Traditional Culture Encyclopedia - Hotel franchise - What kind of feeling is it not to go home during the Spring Festival?

What kind of feeling is it not to go home during the Spring Festival?

First of all, where is home?

Unmarried people, where their parents are, are home.

A married person, daughter-in-law or husband is home only on land.

So, it's not whether I can try my best to get a ticket back to my hometown during the New Year, but who I will be with during the New Year. In fact, the so-called not going home for the New Year means that I have no relatives to accompany me for the New Year.

Actually, I personally think this is not a very emotional topic. I don't want to be with these traditional festivals in my bones, so I can't tell you how sad I am during the Spring Festival that I spent alone.

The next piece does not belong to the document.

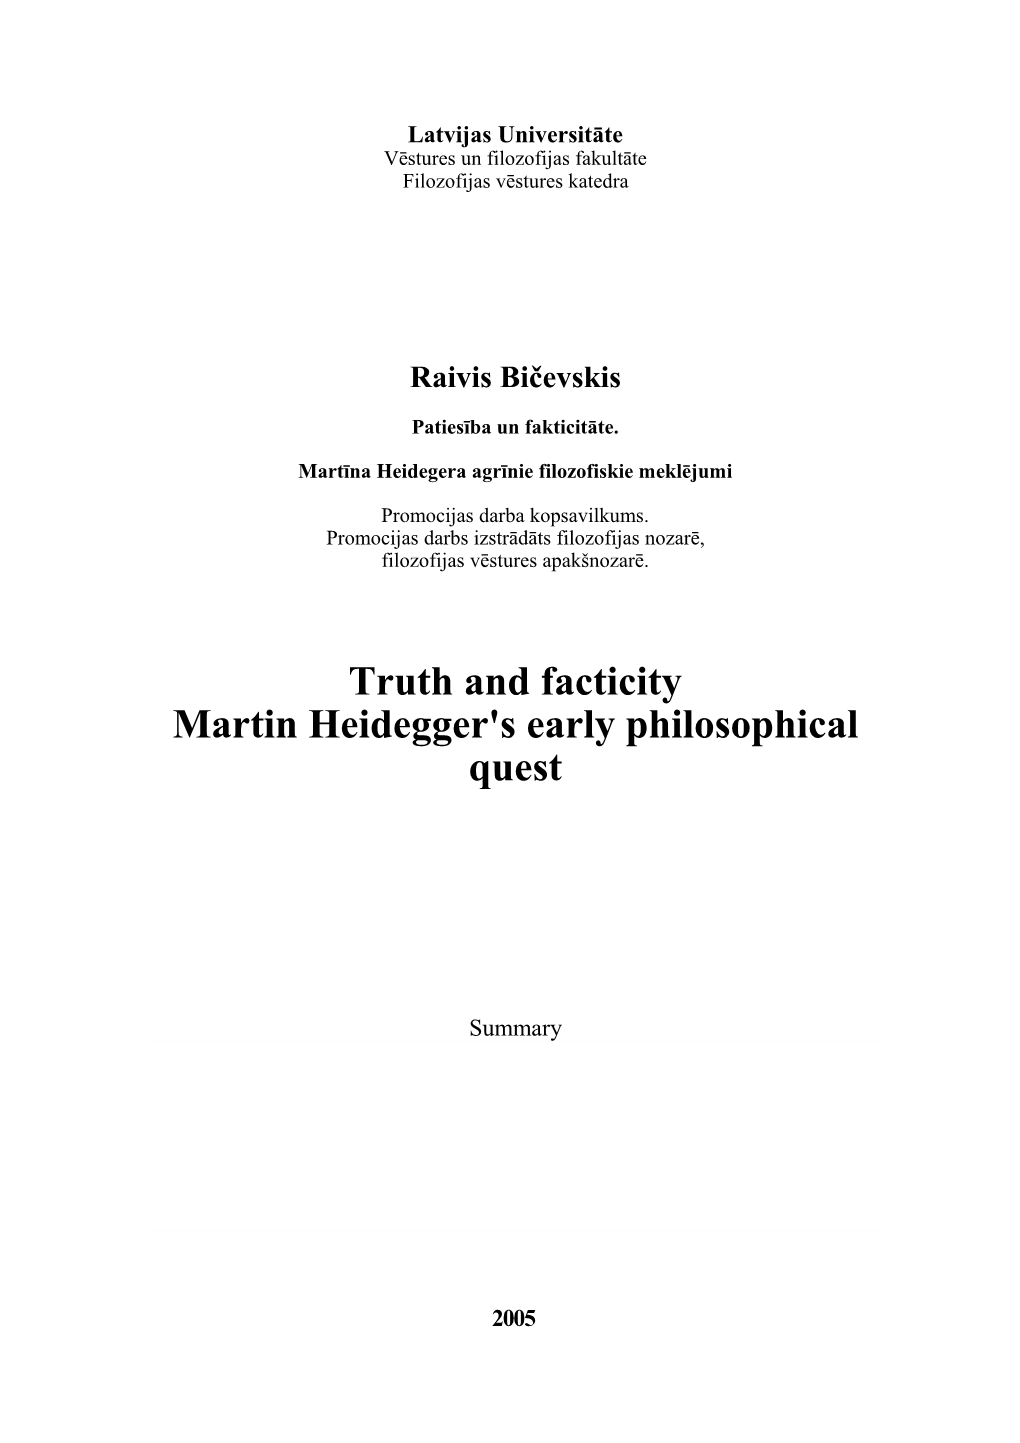 Raivis Bičevskis. Truth and Facticity. Martin Heidegger's Early Philosophical Quest. Promotion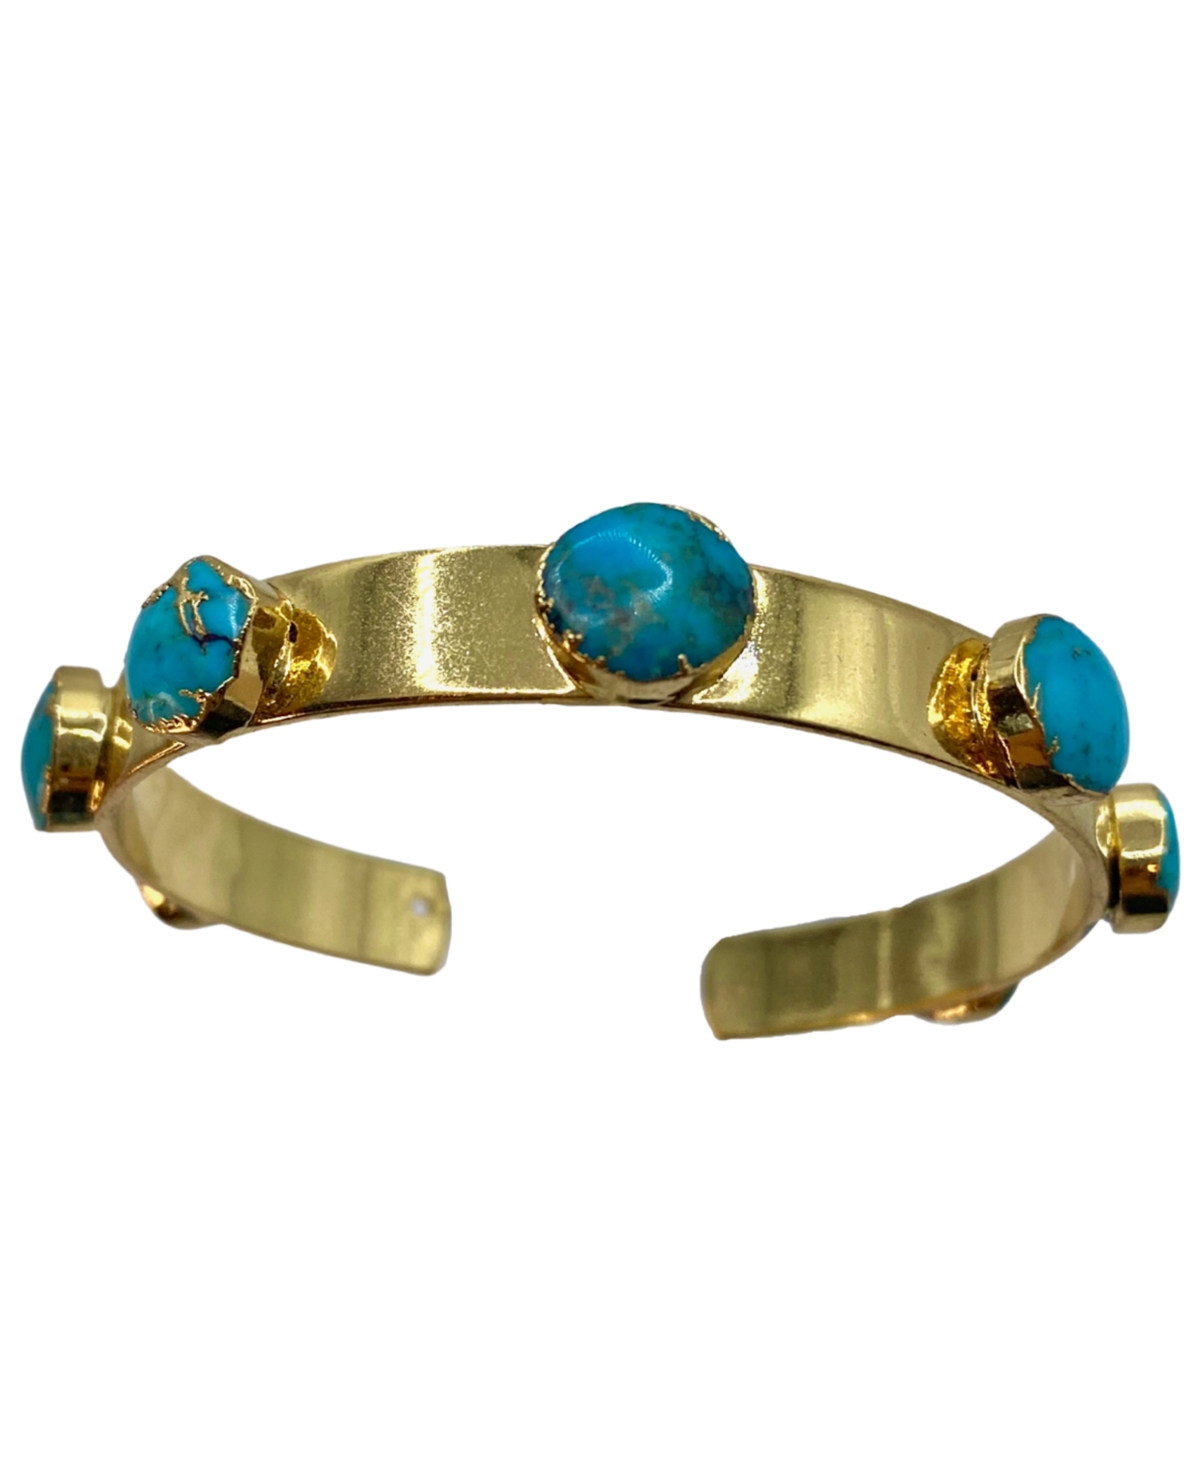 Women's Galapagos Cuff Bracelet - Turquoise

If you have to describe that feeling, it's probably that you go to the supermarket, where the noise is very loud. Congratulations, you are puzzling and annoying. It is the stalls selling Spring Festival couplets and various festive pendants everywhere on the street that make me itch to buy them, but I also know that buying them can't help me decorate a beautiful holiday atmosphere.

When you go back to your residence and close the door, you don't know anything about code words, but as long as you log in to games and social apps, you will be surrounded by all kinds of Spring Festival happiness around you. I'm a little afraid to say that I spend the New Year alone, for fear that a group of people will comfort me. I just pretend to be with my family and work hard for a happy Spring Festival, just like a little monster who comes into this world occasionally, playing a human being in despair and anxiety.

The most painful thing is that I can't cook, and I face the embarrassment of a large number of restaurants closing down during the Spring Festival. You make a take-away call, and basically 95% of it is useless. It's a bad review! Therefore, quick-frozen instant noodles from jiaozi will become my staple food during the Spring Festival.

It doesn't sound good, but I'm not really sad. Maybe I spend too much Spring Festival alone. I'm used to handling it alone. If you feel sorry for me after reading it, don't comfort me I'm really, really not sad. I send 4!